Als neue Desktop-Variante wurde LXQt in den Reigen der Spins aufgenommen, die ansonsten neben GNOME 42 als Standard der Fedora Workstation bereits Desktops wie KDE Plasma 5.24, Xfce 4.16, MATE Compiz, Cinnamon, LXDE, SOAS (Sugar on a Stick) und den i3 Tiling WM bietet.

Snapshot-Handling erleichtert

Auch unter der Haube hat sich einiges getan. In Fedora Linux 36 wird die RPM-Datenbank von /var nach /usr verschoben. Die Verlagerung der RPM-Datenbank nach /usr erleichtert verschiedene Arten von Snapshot- und Rollback-Operationen. Der Schritt, Daten nach /usr zu verschieben und /usr zu einem separaten Subvolume zu machen, wurde bereits vor einiger Zeit für die Fedora-Varianten umgesetzt, die rpm-ostree verwenden, insbesondere Silverblue, Kinoite, CoreOS und IoT. Dort liegt rpmdb in /usr/lib/sysimage. Diese Anordnung wurde für Fedora Workstation übernommen, sodass die Standard-Fedora-Versionen diese Funktionen zu gegebener Zeit ebenfalls nutzen können.

Kein fbdev mehr

Eine weitere Änderung betreibt das Abschneiden alter Zöpfe weiter, bei dem Fedora oft den Vorreiter gibt.
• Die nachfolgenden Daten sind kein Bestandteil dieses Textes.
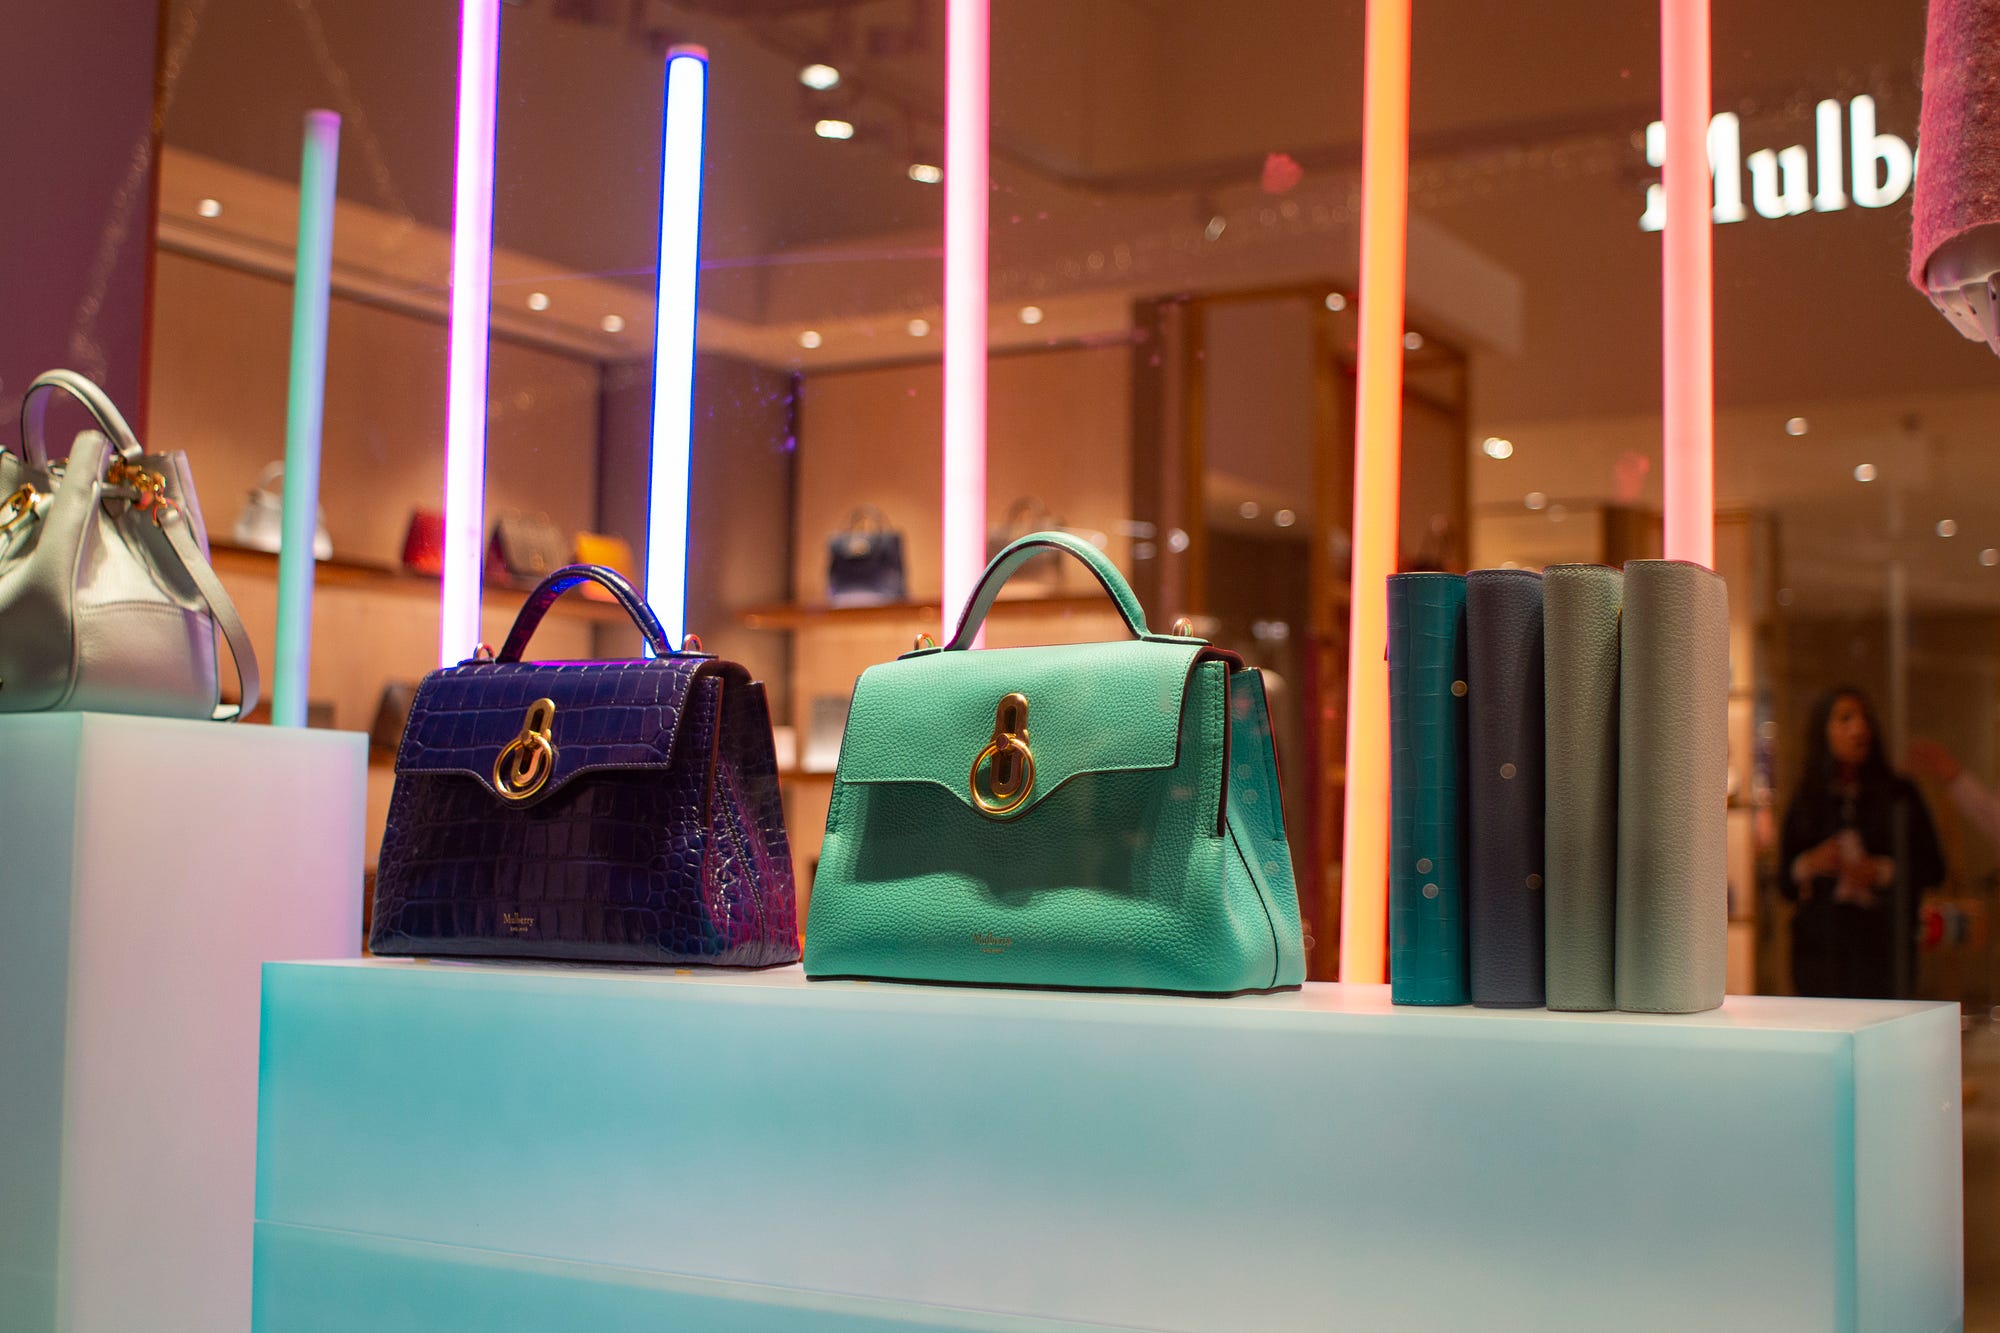 I Spent $4,000 on Two Purses. And it taught me something

Die Framebuffer-Gerätetreiber (Fbdev) des Kernels werden nicht mehr ausgeliefert. Somit kommen nur noch Direct Rendering Manager (DRM) und Kernel Mode Settings (KMS) zum Einsatz. Möglich wird das durch die arbeit von SUSE-Entwickler Thomas Zimmermann, der den simpledrm-Treiber beisteuerte, der den System-Framebuffer, der von der Firmware eingerichtet wurde, als DRM-Gerät ausgibt, auch wenn es für das Gerätr keinen DRM-Treiber gibt.
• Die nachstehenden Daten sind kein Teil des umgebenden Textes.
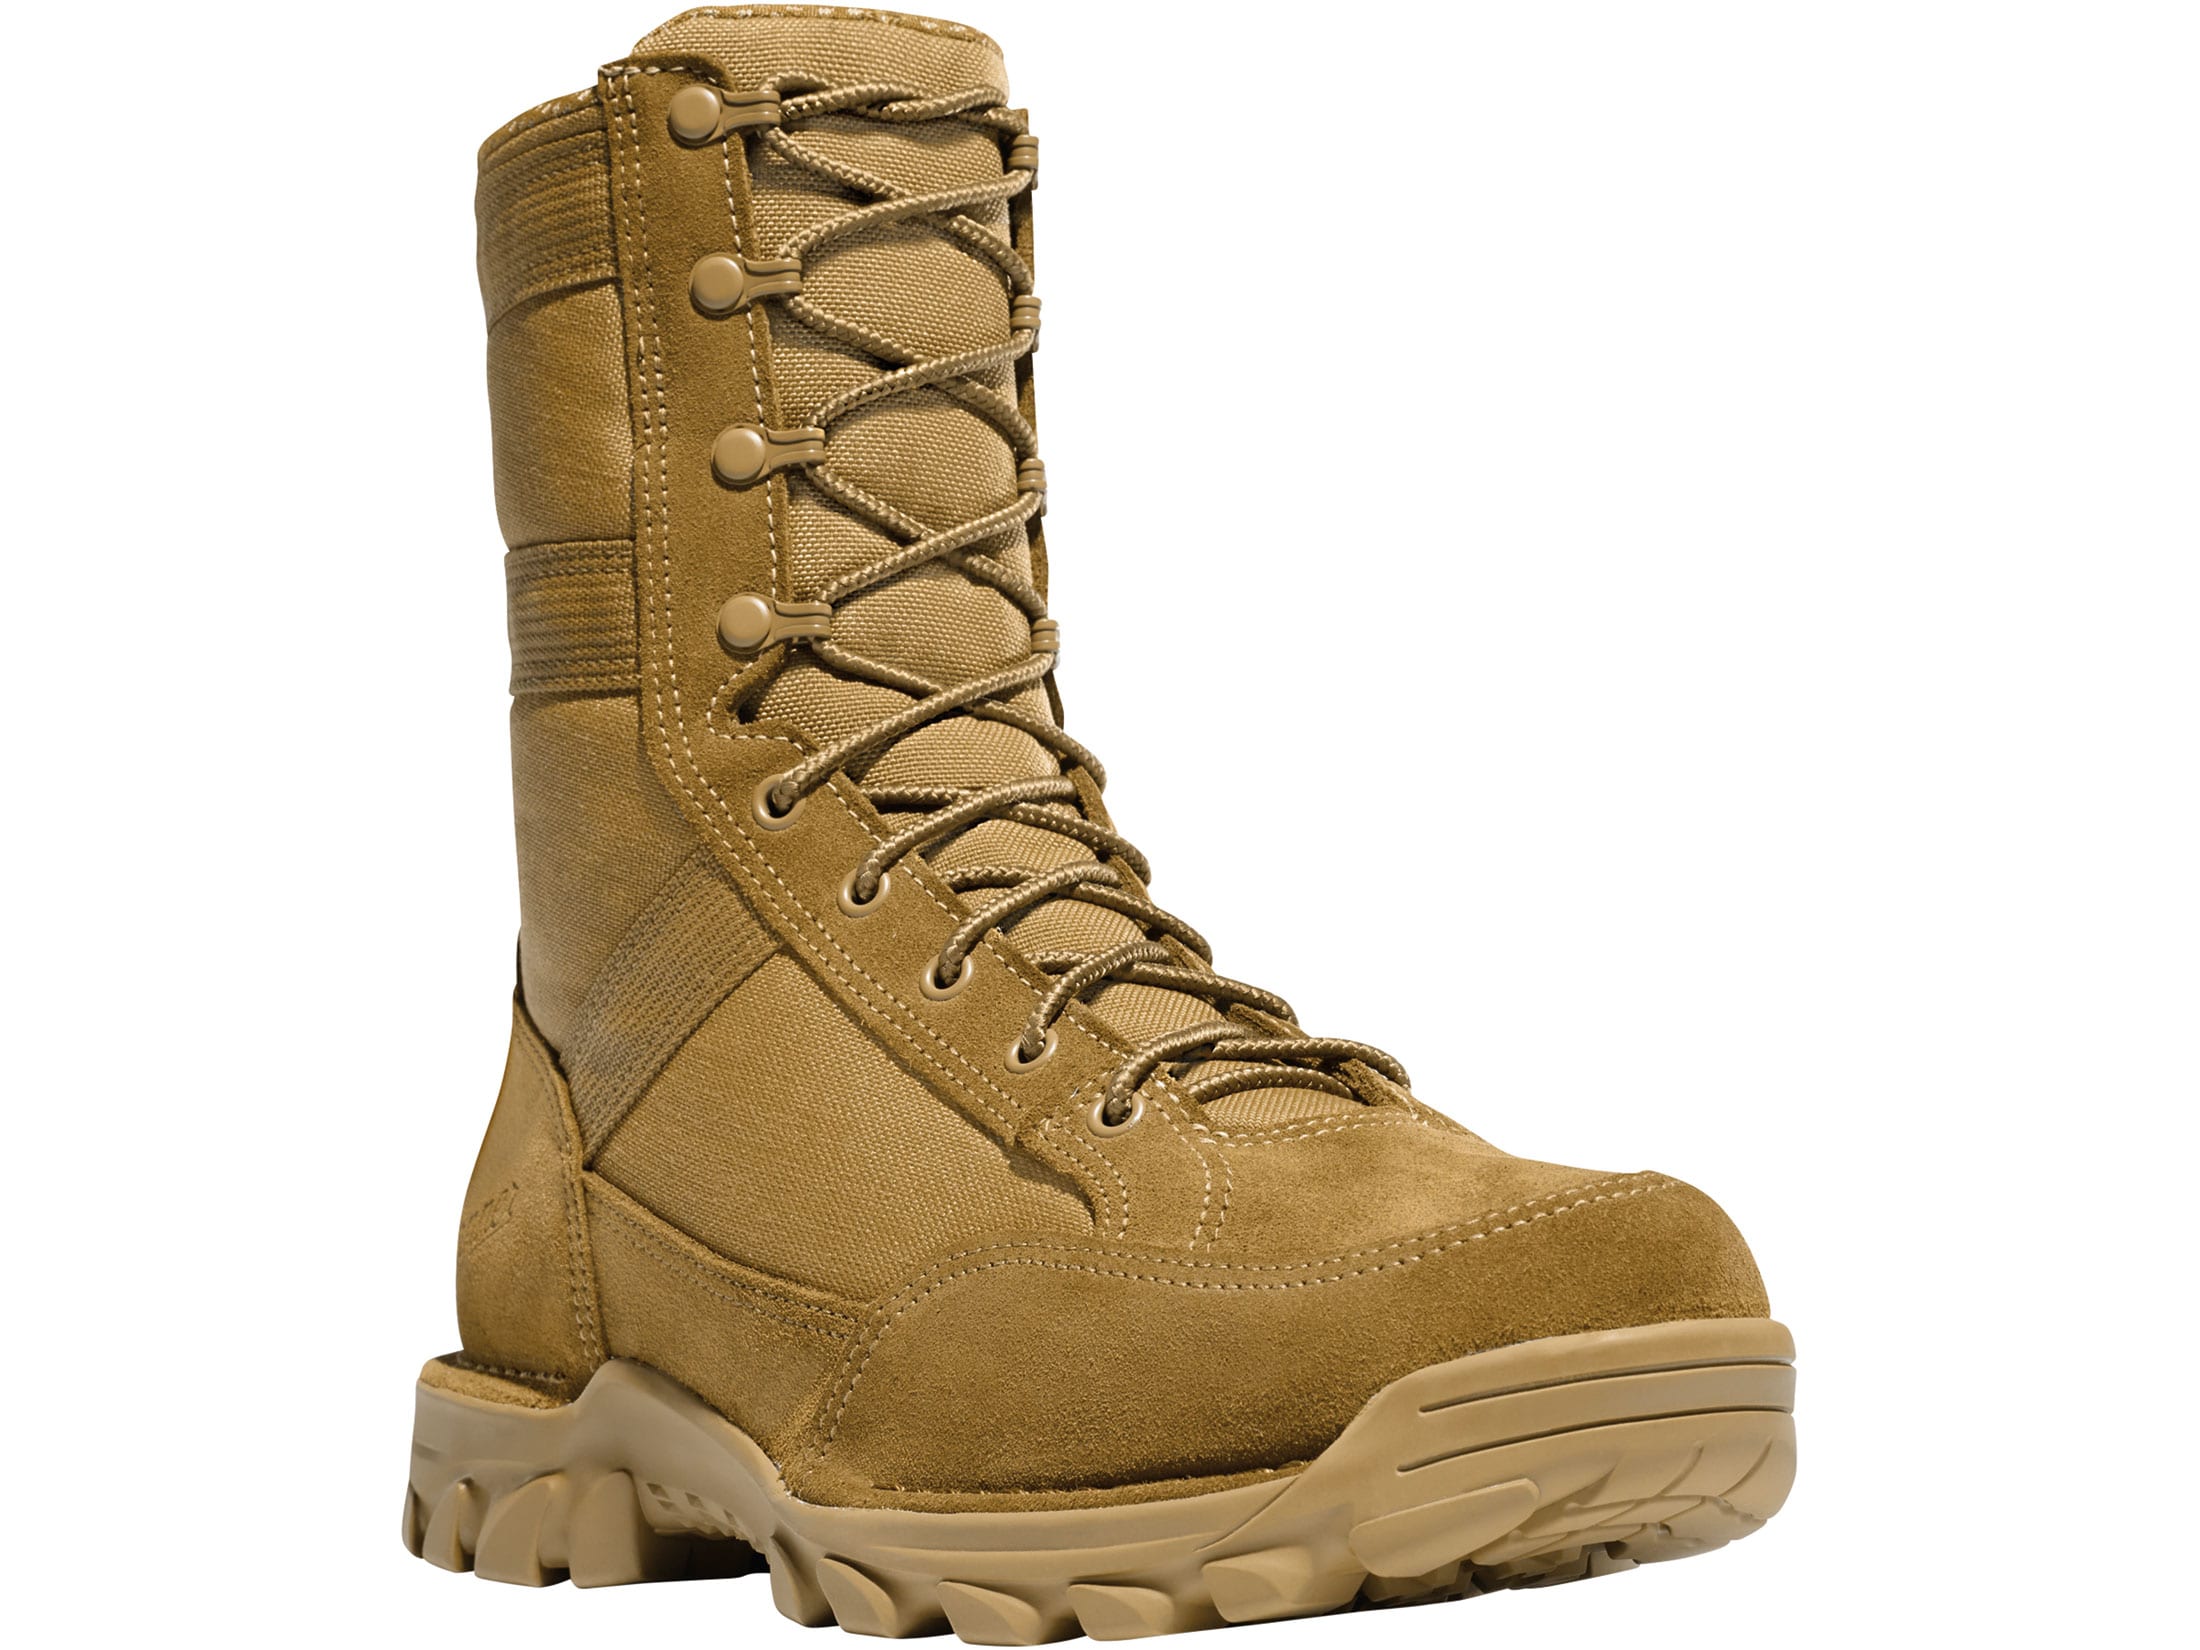 Danner Rivot TFX 8 400 Gram Insulated Tactical Boots Leather Coyote

Bei den Fonts erfolgt die Umstellung auf Noto als Standard für verschiedene Sprachen, um die Konsistenz der Textdarstellung zu gewährleisten. Bei der Software folgt Fedora weitgehend den GNOME-Vorgaben und liefert somit auch den neuen GNOME Text Editor anstatt dem gewohnten Gedit aus. Ansonsten werden unter anderem Firefox 99, LibreOffice 7.3 beigelegt.

Reichlich Auswahl

Wie üblich legt auch die neue Version Wert auf die Aktualisierung von Programmiersprachen, Tools und Anwendungen wie GCC12 und Glibc 2.35Ruby on Rails 7.0, Django 4.0, PHP 8.1.x, PostgreSQL 14. Podman 4.0 feiert ebenfalls sein Debüt in Fedora 36. Fedora 36 Workstation steht auf GetFedora zum Download bereit. Spins und Labs dürfen natürlich auch nicht fehlen. Fedora Server und Cloud sowie die Spins mit alternativen Desktops für die ARM-Plattform, für die Power Architektur und für s390x sind auf einer eigenen Seite zum Herunterladen gelistet.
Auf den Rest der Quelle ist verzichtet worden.